The Plot (And I Use That Word Generously)
The story is loosely—very loosely—based on Carroll’s classic, only instead of a rabbit hole, Alice falls into a world full of naked weirdos singing about their private parts. She gets kissed, groped, teased, and eventually does the deed with a series of increasingly cartoonish characters. There’s a talking door, a Cheshire Cat with the libido of a game show host, and a Caterpillar who looks like he sells drugs to Muppets.
The whole thing plays like a sex-ed video directed by Salvador Dalí after being slapped awake from a nap. There’s an attempt at whimsy, but it keeps tripping over its own platform boots and collapsing into groin-level slapstick. When it tries to be erotic, it’s just awkward. When it tries to be funny, it’s mortifying. And when it tries to be romantic, you can almost hear Lewis Carroll spinning in his grave fast enough to power the Eastern Seaboard.

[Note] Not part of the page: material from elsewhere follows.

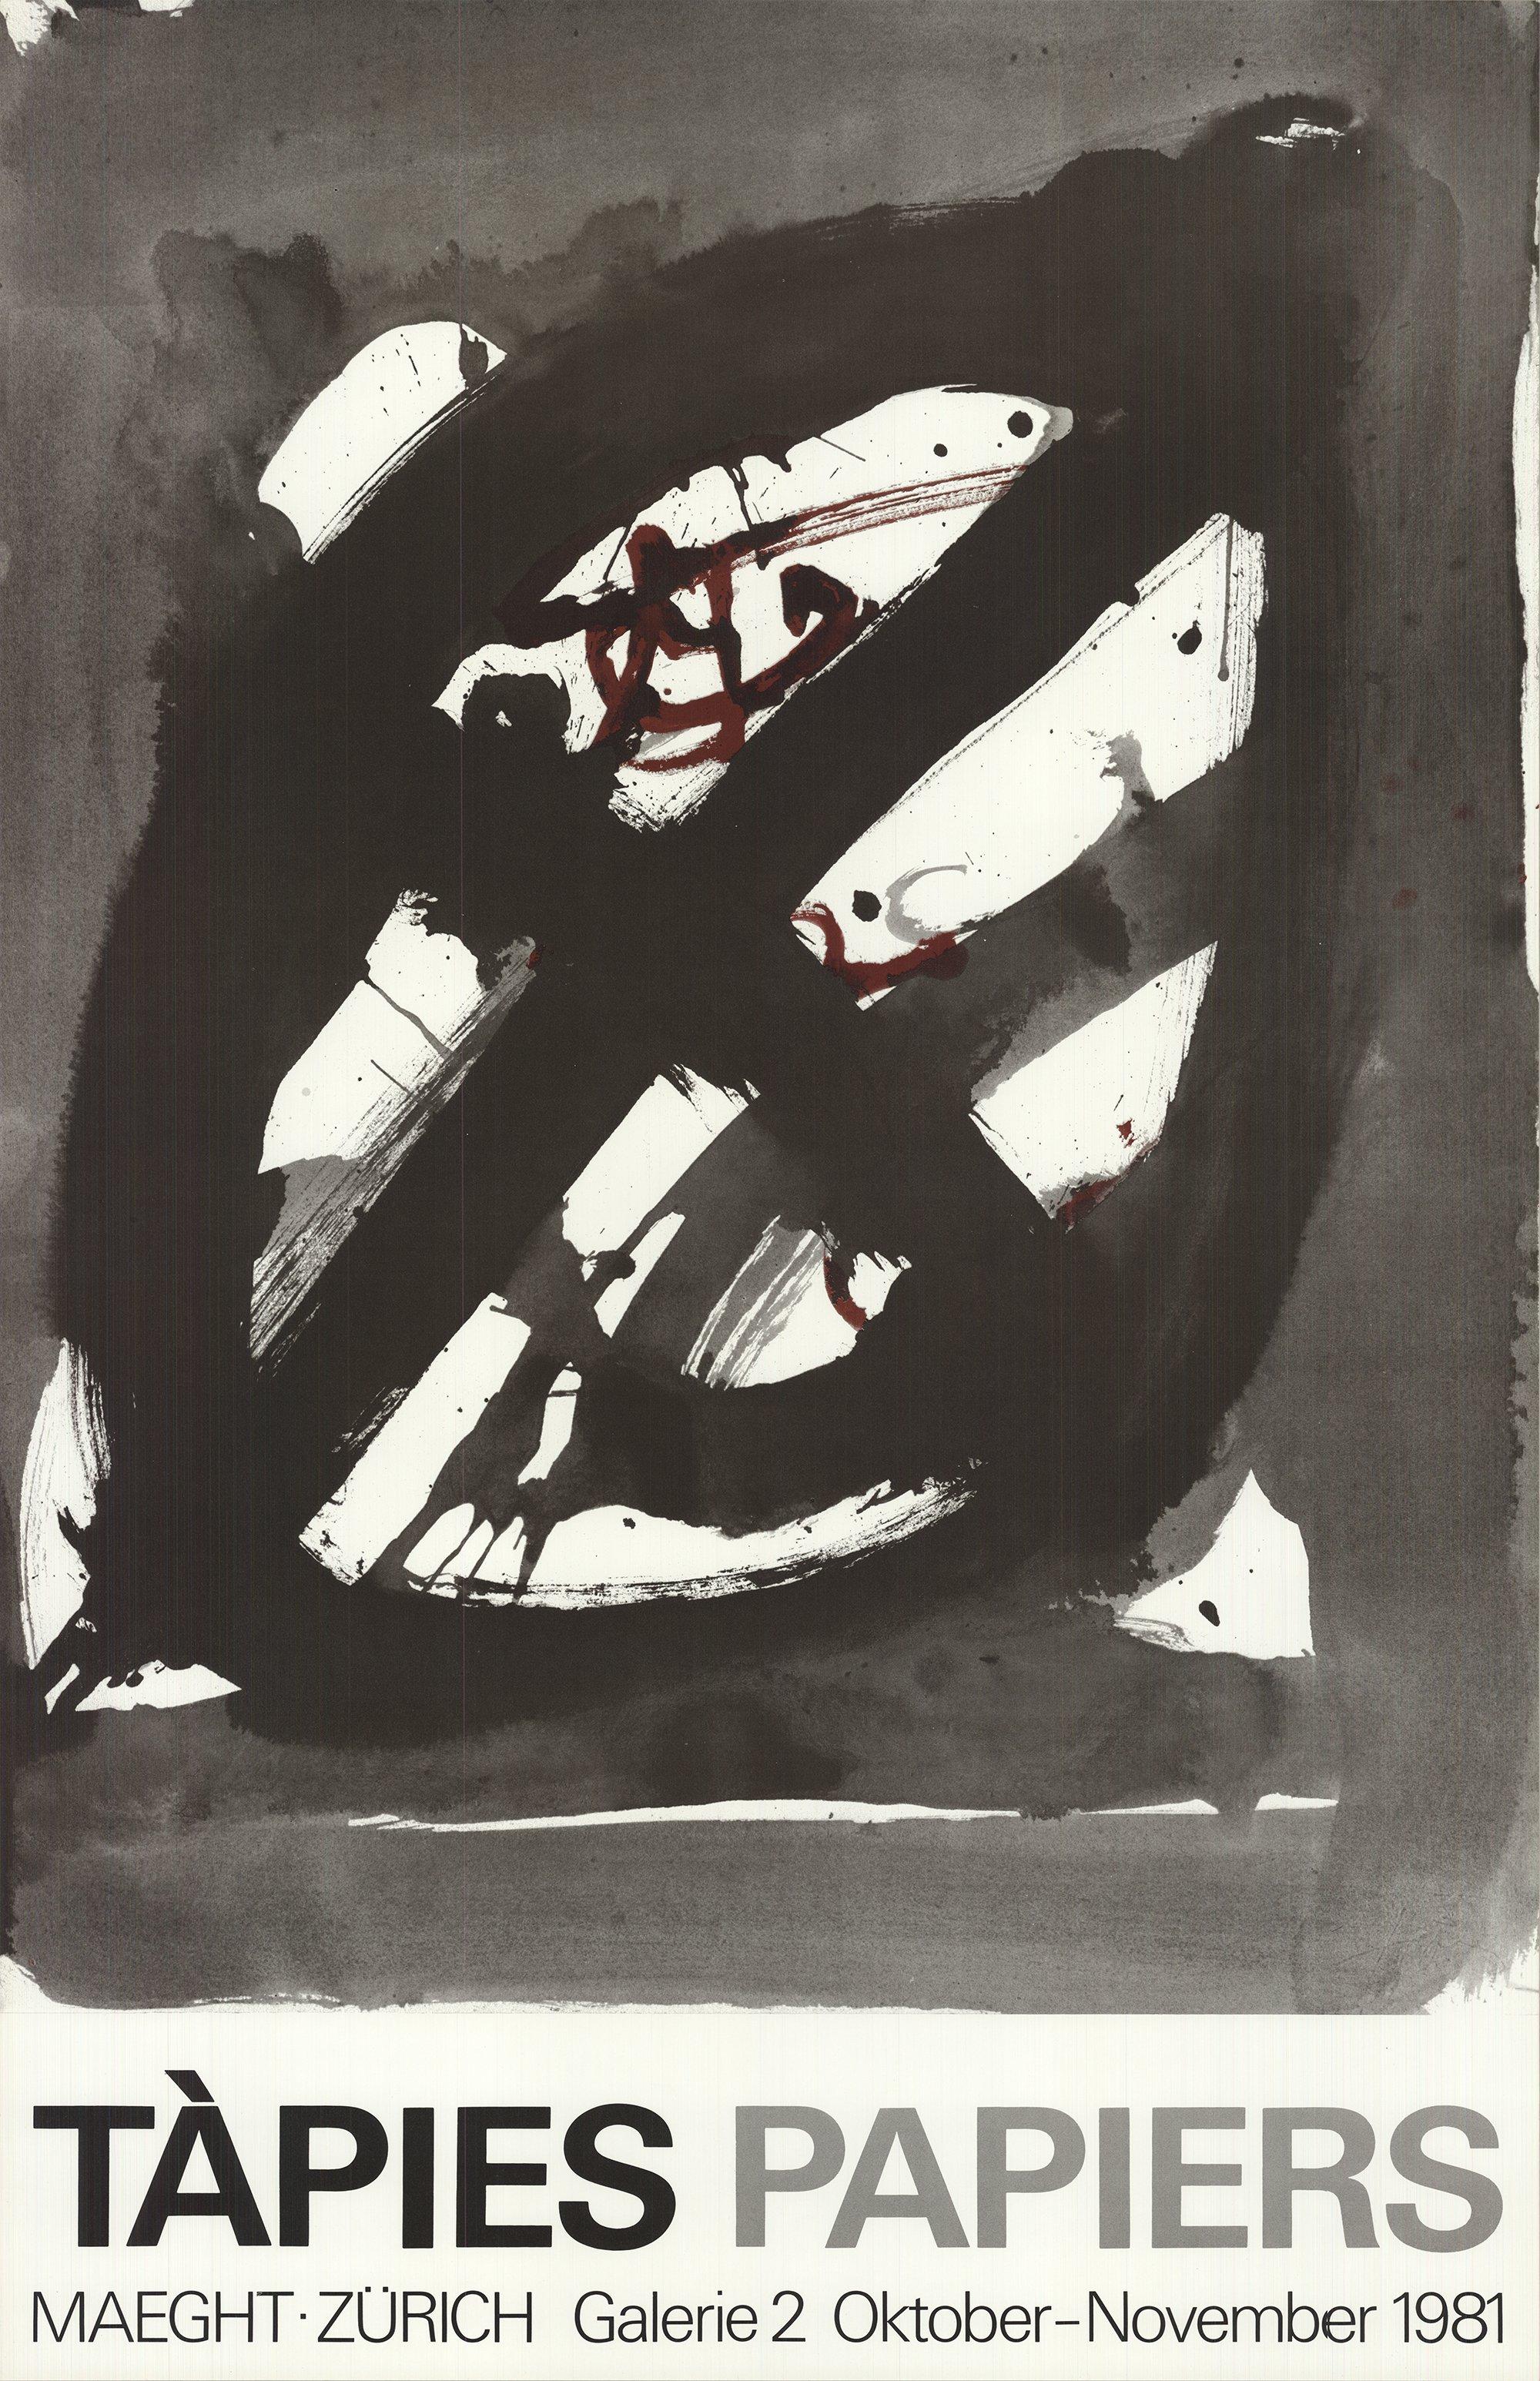 1981 After Antoni Tapies 'Papiers' First Edition - Print by Antoni Tàpies
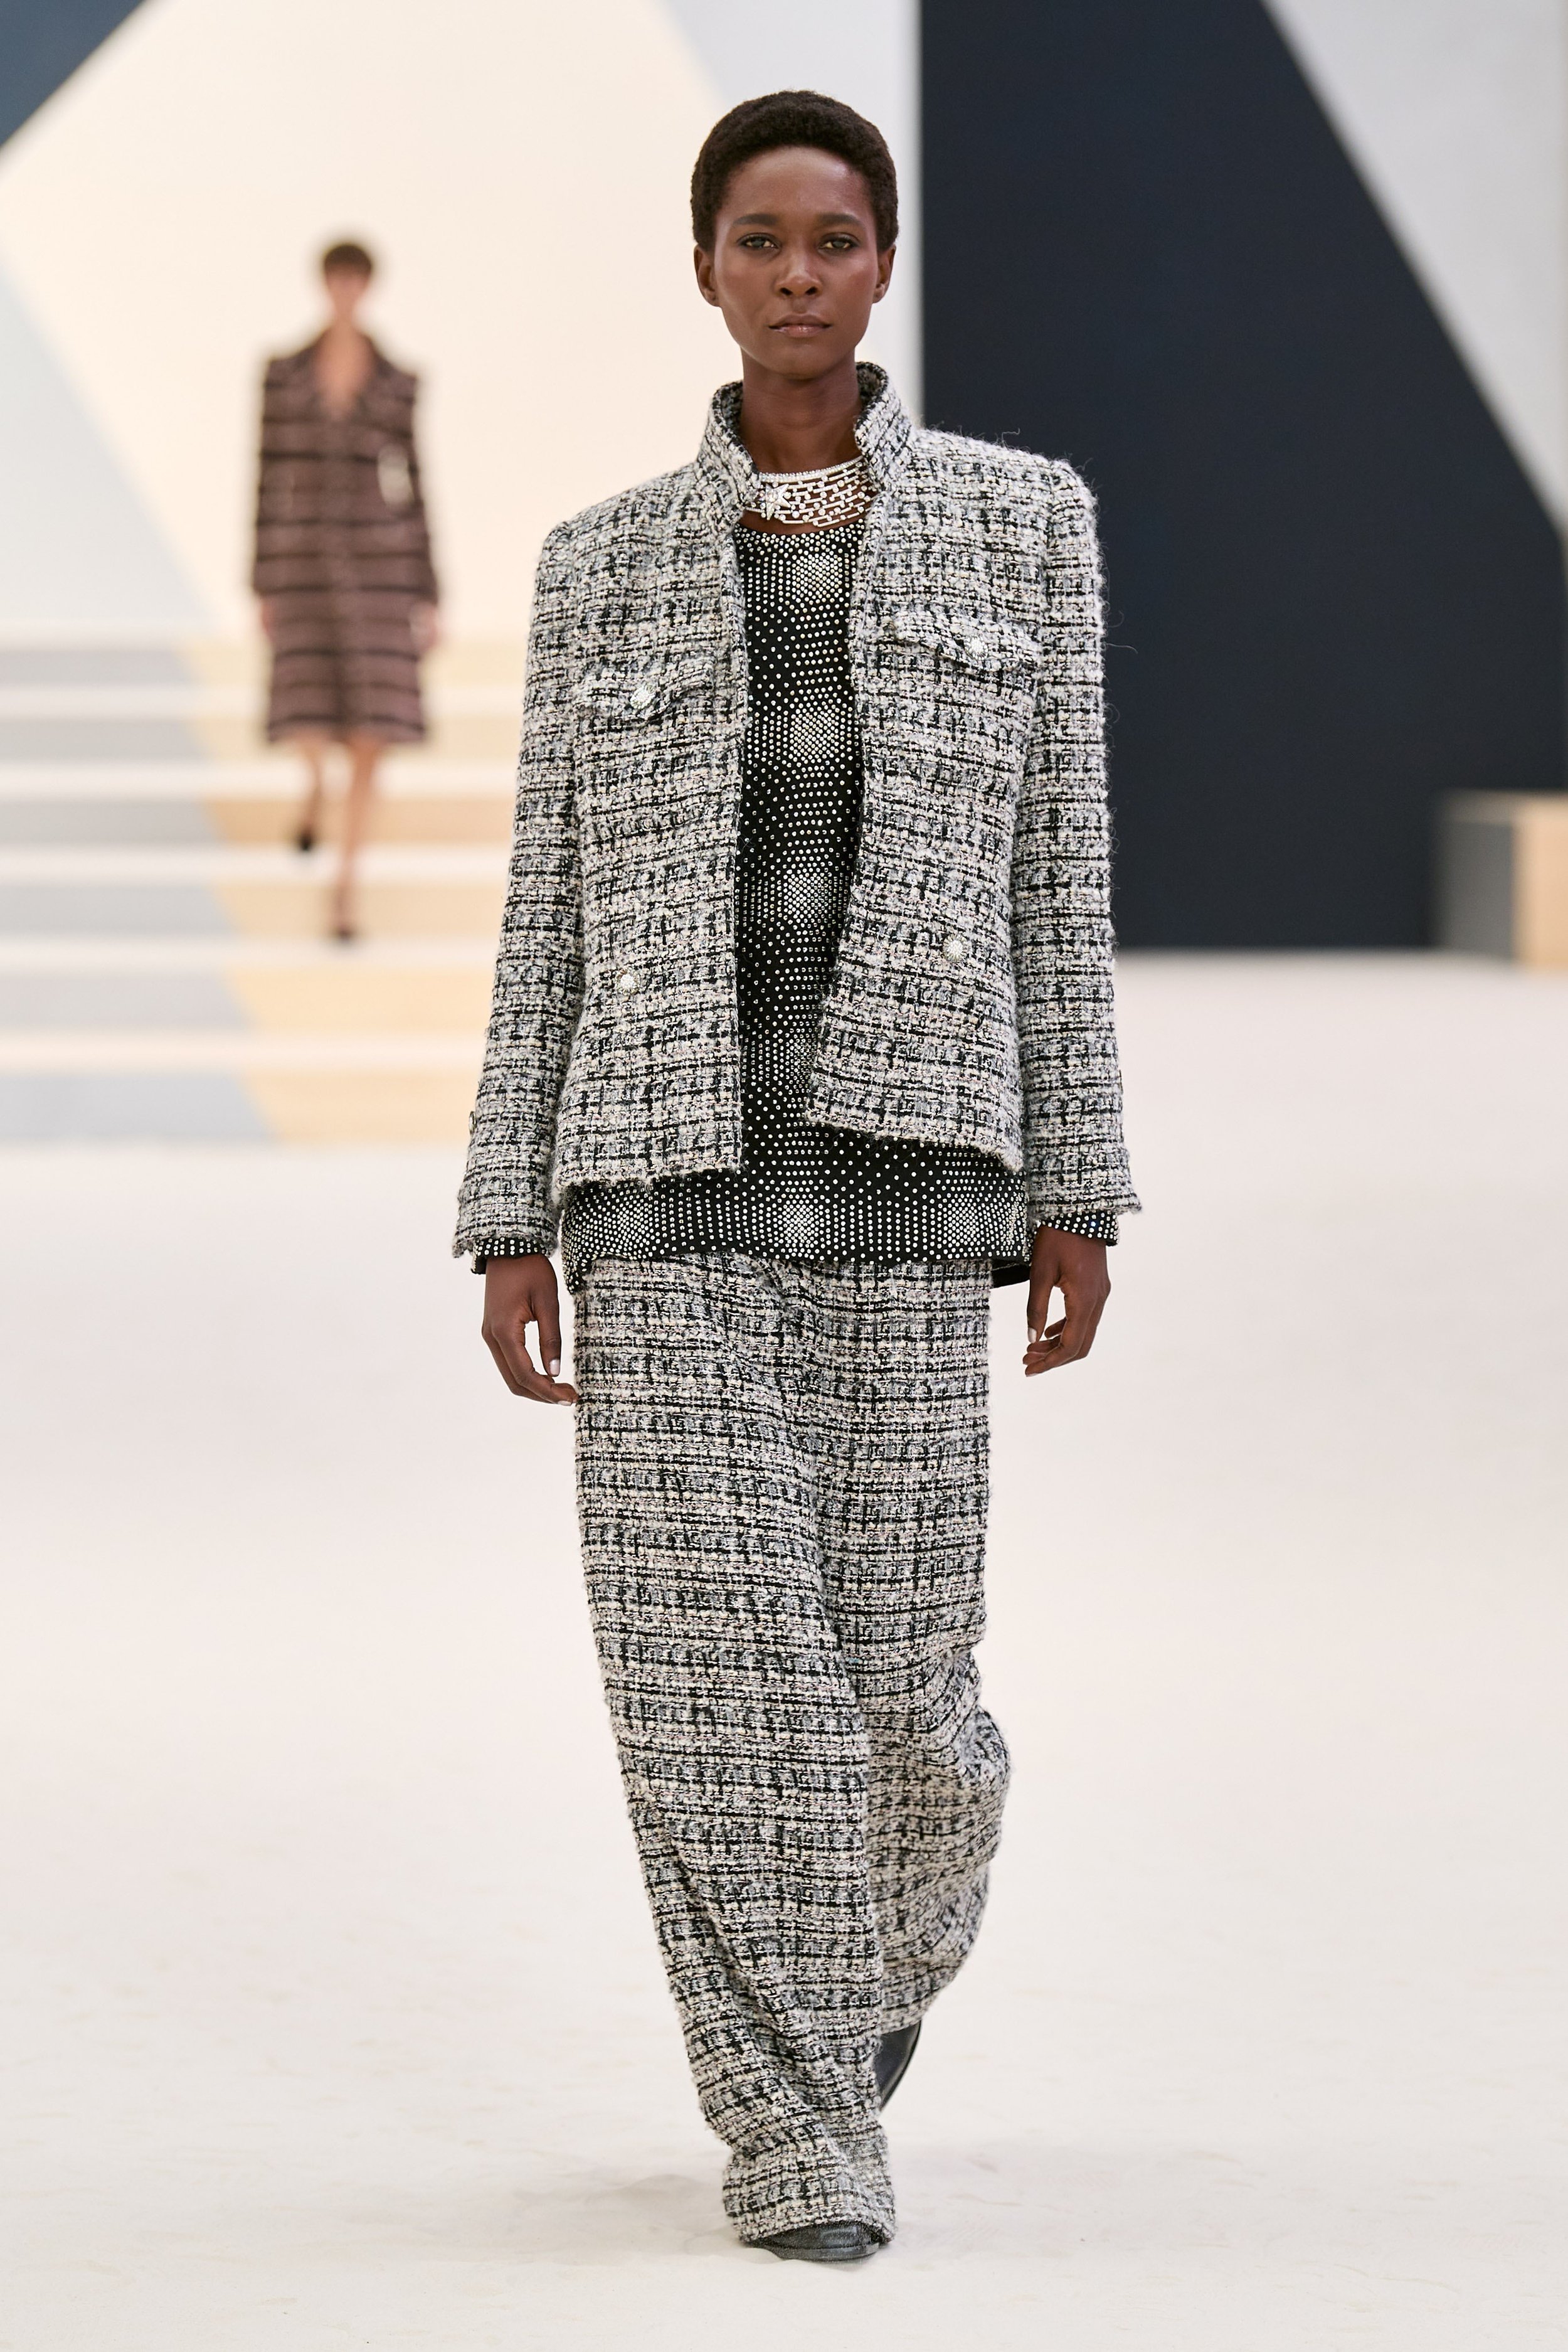 Chanel's timeless couture curiosity of the past, present and

Production Values: Dollar Store LSD
The sets look like someone bought every roll of aluminum foil and glitter glue from a failing craft store. The costumes—where they exist—range from dollar-bin Halloween to full-blown lunatic asylum theater. The camera work is passable in the way a motel bedspread is technically “cleaned.” And let’s not even get into the sound design, which is a fever dream of moans, gasps, and background music that sounds like an organist drunk on Robitussin.
Final Verdict: Don’t Follow This White Rabbit
There’s a strange little place in cult cinema history for Alice in Wonderland: An X-Rated Musical Fantasy. Some may argue it’s part of a unique era when porn tried to be art. But let’s be honest—this isn’t Boogie Nights. This isn’t even Debbie Does Dallas. This is a novelty record left in the sun too long.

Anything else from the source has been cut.